Performance can be tuned by adjusting:
- Graph connectivity (M, M0)
- Build quality (efConstruction)
- Search accuracy (efSearch)
Key tradeoffs:
- Higher accuracy = slower search + more memory
- Faster index build = lower quality graph
- More connections = better recall but more memory
Understanding these metrics helps you tune effectively:
| Metric | Description | How to Measure |
|---|---|---|
| Search Latency | Time to find k nearest neighbors | performance.now() around search() |
| Insert Latency | Time to add a vector | performance.now() around insert() |
| Recall@k | % of true neighbors found vs brute force | Compare to exact search |
| Memory Usage | RAM consumed by index | Browser DevTools / process.memoryUsage() |
| Build Time | Time to index N vectors | Time batch insert operations |
| Metric | Target | Typical Performance |
|---|---|---|
| Search (100k vectors, k=10) | <1ms | 0.23-0.57ms |
| Insert (single vector) | <2ms | 0.5-1.5ms |
| Recall@10 | >95% | 97-99% at default settings |
| Memory (100k, 768d, quantized) | <100MB | ~83MB |
What it does: Controls how many neighbors each node connects to in layers above layer 0.
Default: 16
const config = new EdgeVecConfig(768);
config.m = 16; // DefaultImpact:
| M Value | Memory | Recall | Search Speed | Build Speed |
|---|---|---|---|---|
| 8 | Low | ~93% | Fast | Fast |
| 16 | Medium | ~97% | Medium | Medium |
| 32 | High | ~99% | Slower | Slower |
| 64 | Very High | ~99.5% | Slowest | Slowest |
Guidelines:
- M = 8-12: Memory-constrained, acceptable accuracy loss
- M = 16: General purpose (recommended default)

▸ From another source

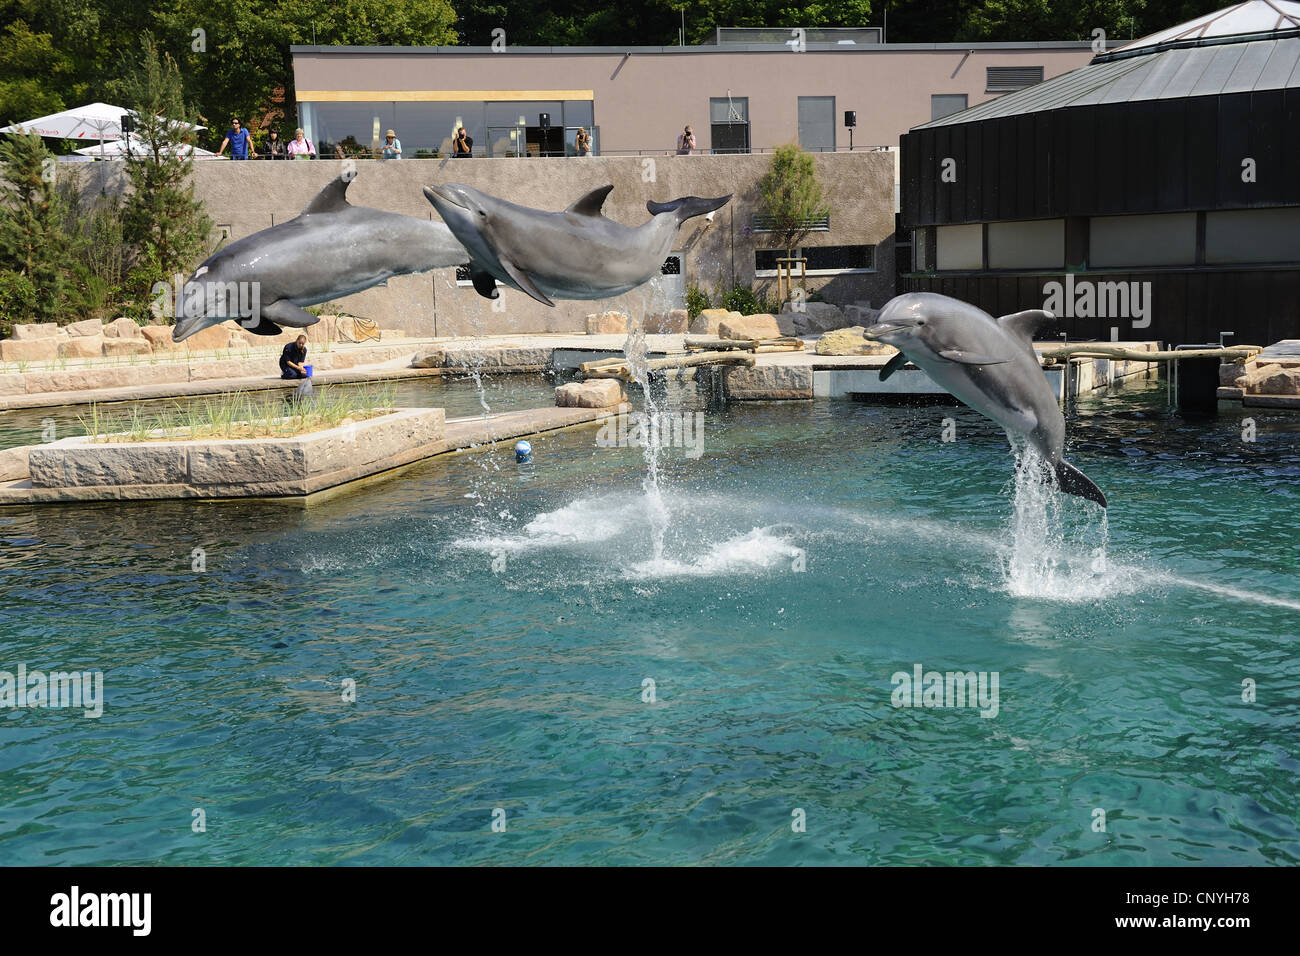 Bottlenosed dolphin, à nez de bouteille commun dauphin (Tursiops truncatus), trois dauphins dans un dolpinarium sautant de l'eau Banque D'Images

- M = 24-32: High accuracy requirements
- M = 48-64: Maximum accuracy, memory not a concern
Memory formula (approximate):
Memory per vector ≈ dimensions × 4 bytes + M × 2 × 8 bytes
Example:
// Memory-optimized configuration
const config = new EdgeVecConfig(768);
config.m = 8; // ~15% less memory vs M=16
// Accuracy-optimized configuration
const config = new EdgeVecConfig(768);
config.m = 32; // ~99% recall, 2x memory vs M=16What it does: Controls the search width during index construction. Higher values build a higher-quality graph but take longer.
Default: 200
const config = new EdgeVecConfig(768);
config.ef_construction = 200; // DefaultImpact:
| efConstruction | Build Time | Graph Quality | Recall |
|---|---|---|---|
| 100 | Fast | Lower | ~95% |
| 200 | Medium | Good | ~97% |
| 400 | Slow | High | ~99% |
| 500+ | Very Slow | Maximum | ~99%+ |
Guidelines:
- efConstruction = 100: Rapid prototyping, frequent rebuilds
- efConstruction = 200: General purpose (recommended)

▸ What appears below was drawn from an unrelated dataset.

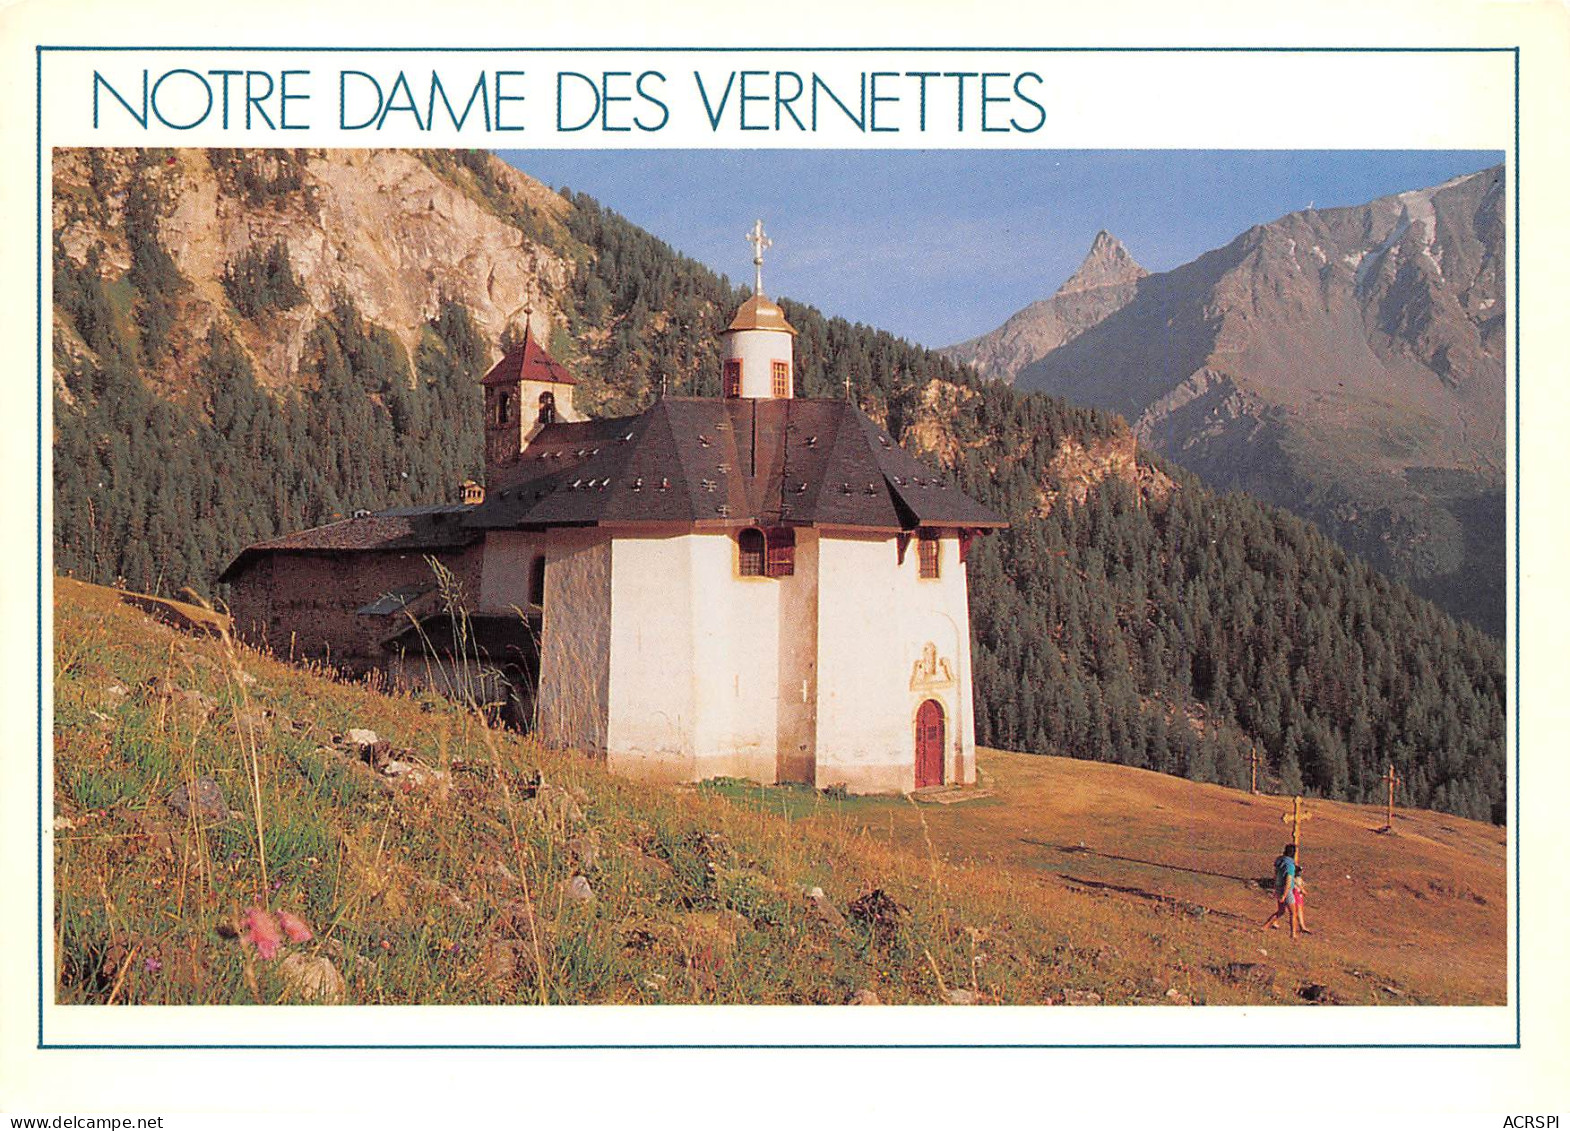  Sanctuaire De Notre-Dame Des Vernettes Peisey-Nancroix Plan Peisey, 73210 Landry  42 (scan Recto-verso)MA2295Vic - Pralognan-la-Vanoise

- efConstruction = 400: Production systems requiring high recall
- efConstruction ≥ 500: Diminishing returns, rarely needed
Rule of thumb: efConstruction should be at least 2× M for good graph quality.
Example:
// Fast build for development
const config = new EdgeVecConfig(768);
config.m = 16;
config.ef_construction = 100;
// High-quality build for production
const config = new EdgeVecConfig(768);
config.m = 16;
config.ef_construction = 400;What it does: Controls how many candidates are explored during search. Higher values improve recall at the cost of latency.
Default: 50
const config = new EdgeVecConfig(768);
config.ef_search = 50; // DefaultImpact:
| efSearch | Recall@10 | Search Latency | Notes |
|---|---|---|---|
| 10 | ~85% | Very Fast | Too low for most uses |
| 50 | ~97% | Fast | Good default |
| 100 | ~99% | Medium | High accuracy |
| 200 | ~99.5% | Slower | Near-exact |
| 500 | ~99.9% | Slow | Maximum recall |
Guidelines:
- efSearch must be ≥ k (the number of results requested)

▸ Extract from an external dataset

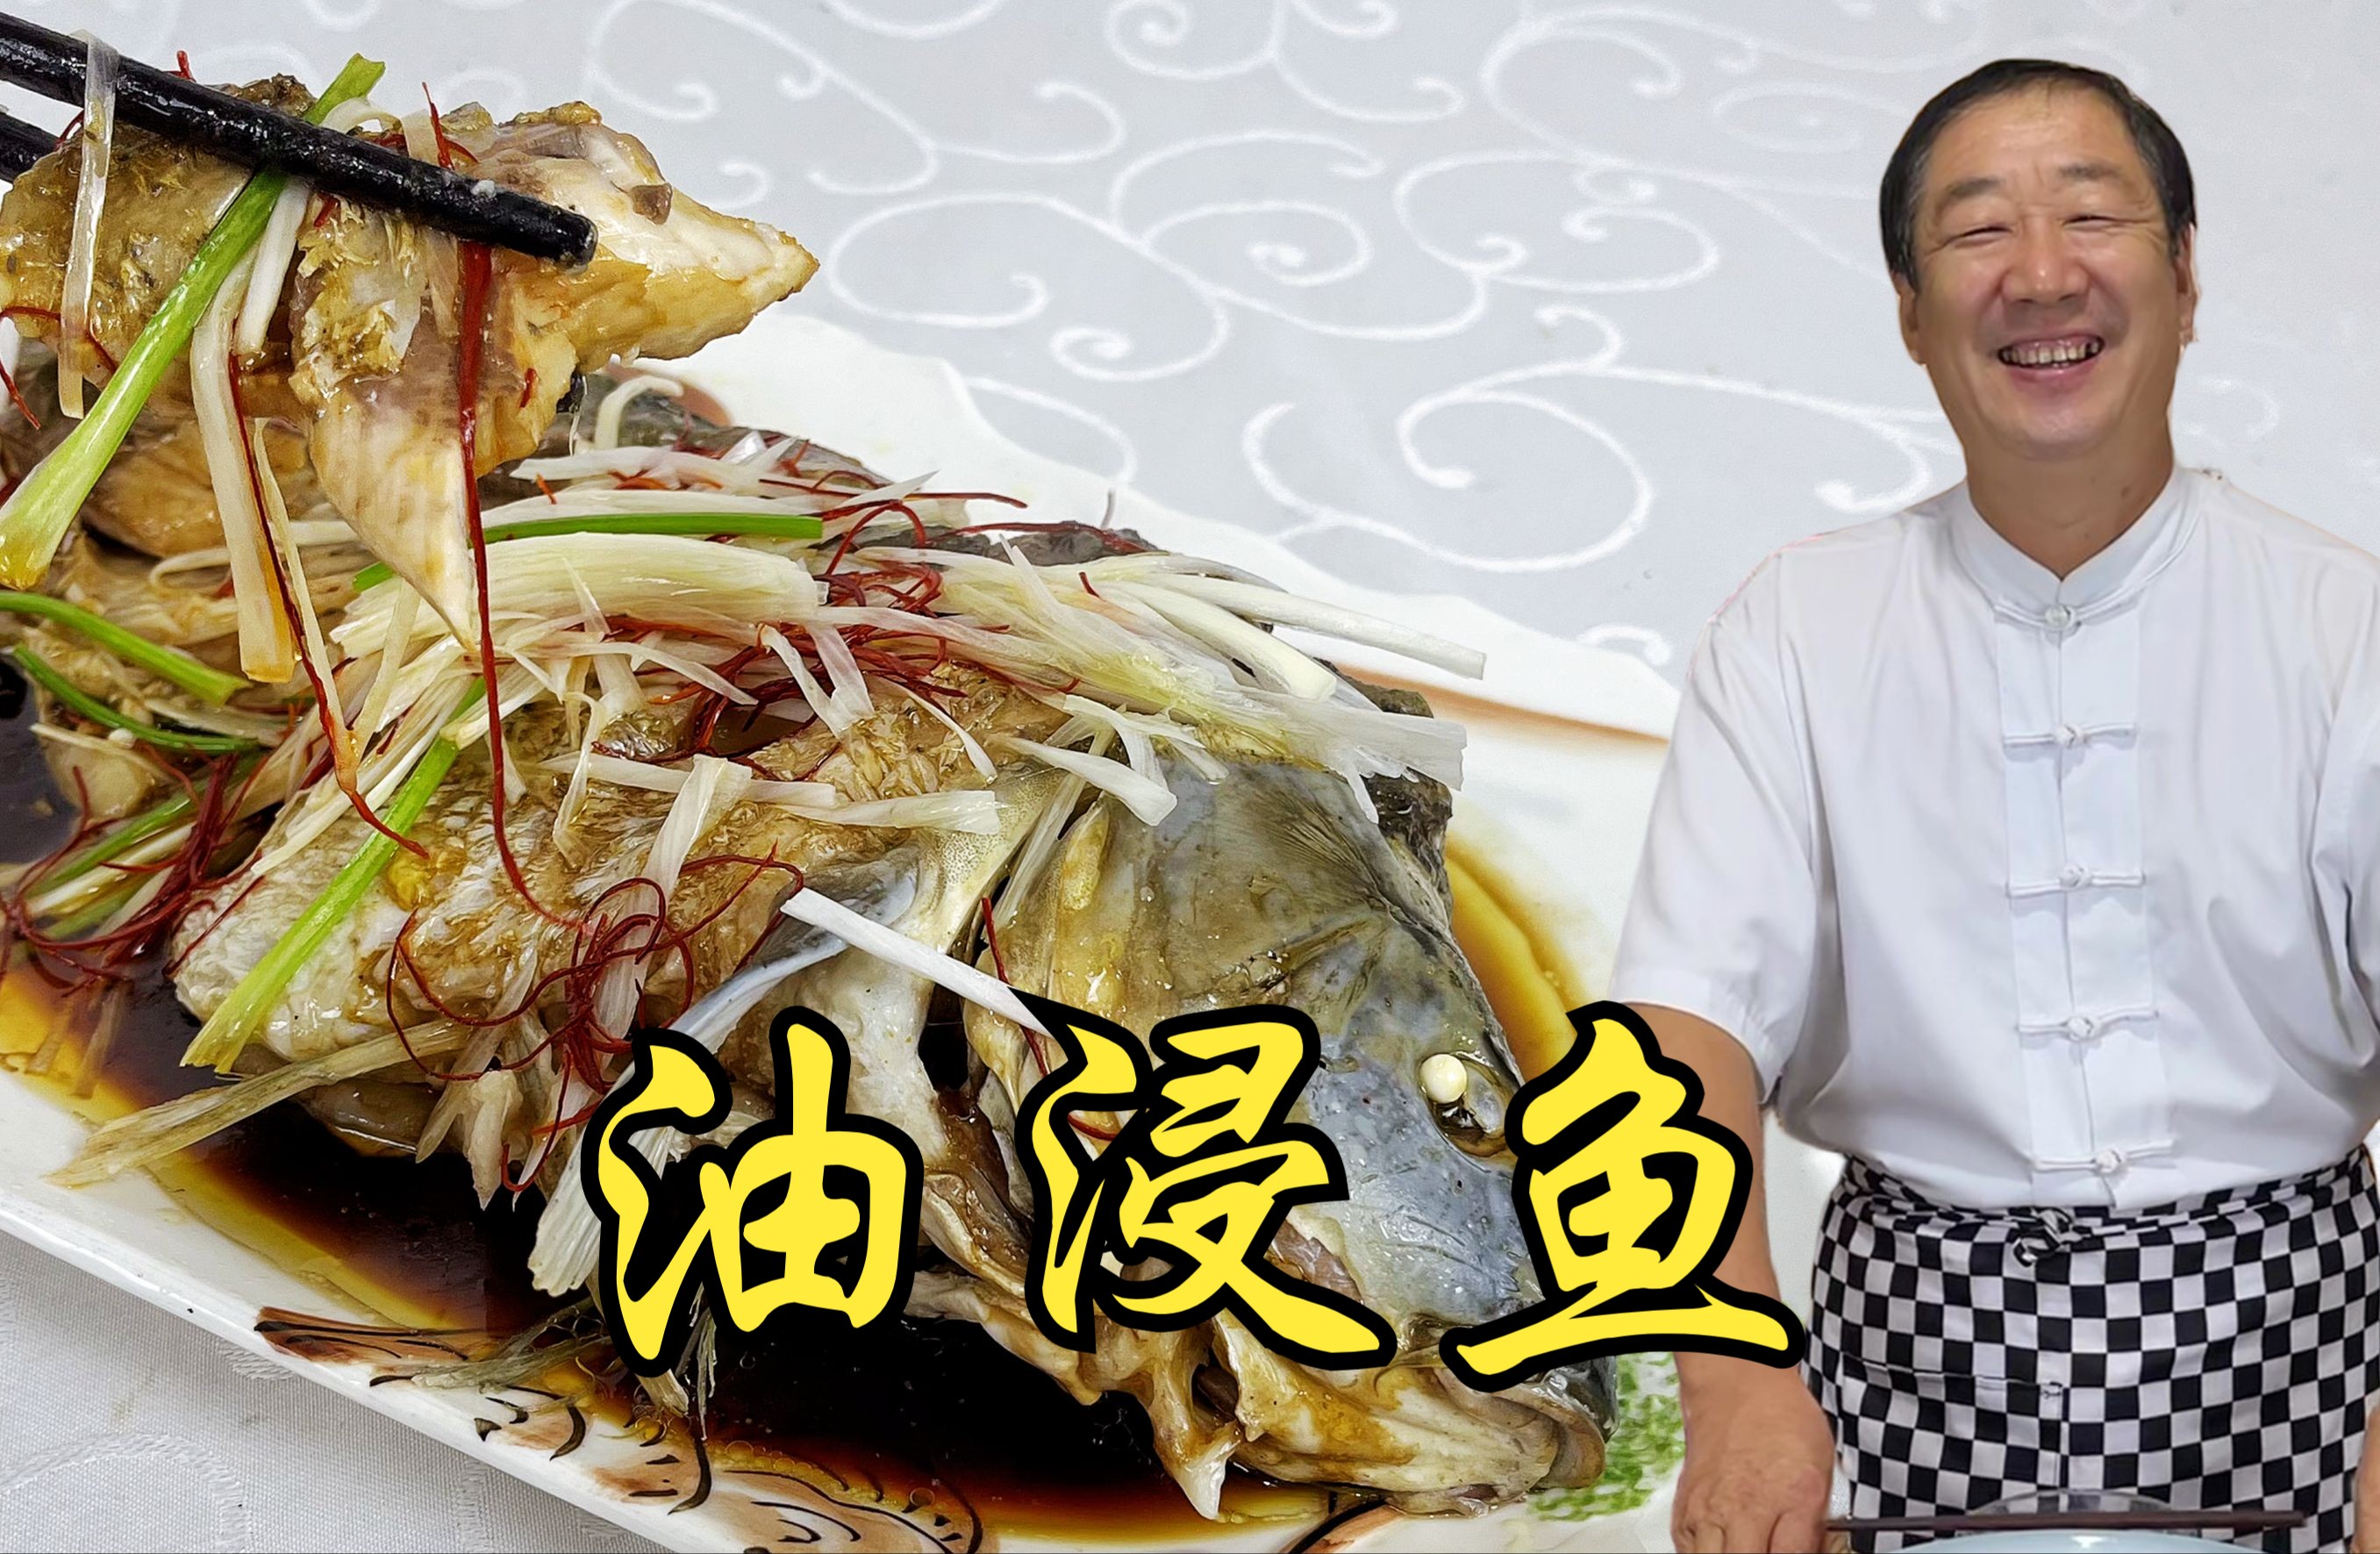 美味情缘: 油浸马友鱼 Deep-fried Crispy Fish with Soy Sauce

- Start with efSearch = 50, increase if recall is insufficient
- For real-time applications, keep efSearch ≤ 100
- For batch processing, efSearch = 200-500 is acceptable
Example:
const config = new EdgeVecConfig(768);
config.ef_search = 50; // Set default
const index = new EdgeVec(config);
// Search uses the configured ef_search
const results = index.search(query, 10); // Uses ef_search=50Dynamic efSearch adjustment pattern:
// Real-time search: fast but lower recall
config.ef_search = 50;
// Re-ranking pass: higher recall
config.ef_search = 200;
const candidates = index.search(query, 100);
// Note: ef_search must be set before creating the index
// There is currently no way to change it per-queryWhat it does: Controls the maximum connections in layer 0 (the bottom, densest layer). Higher M0 improves recall but increases memory.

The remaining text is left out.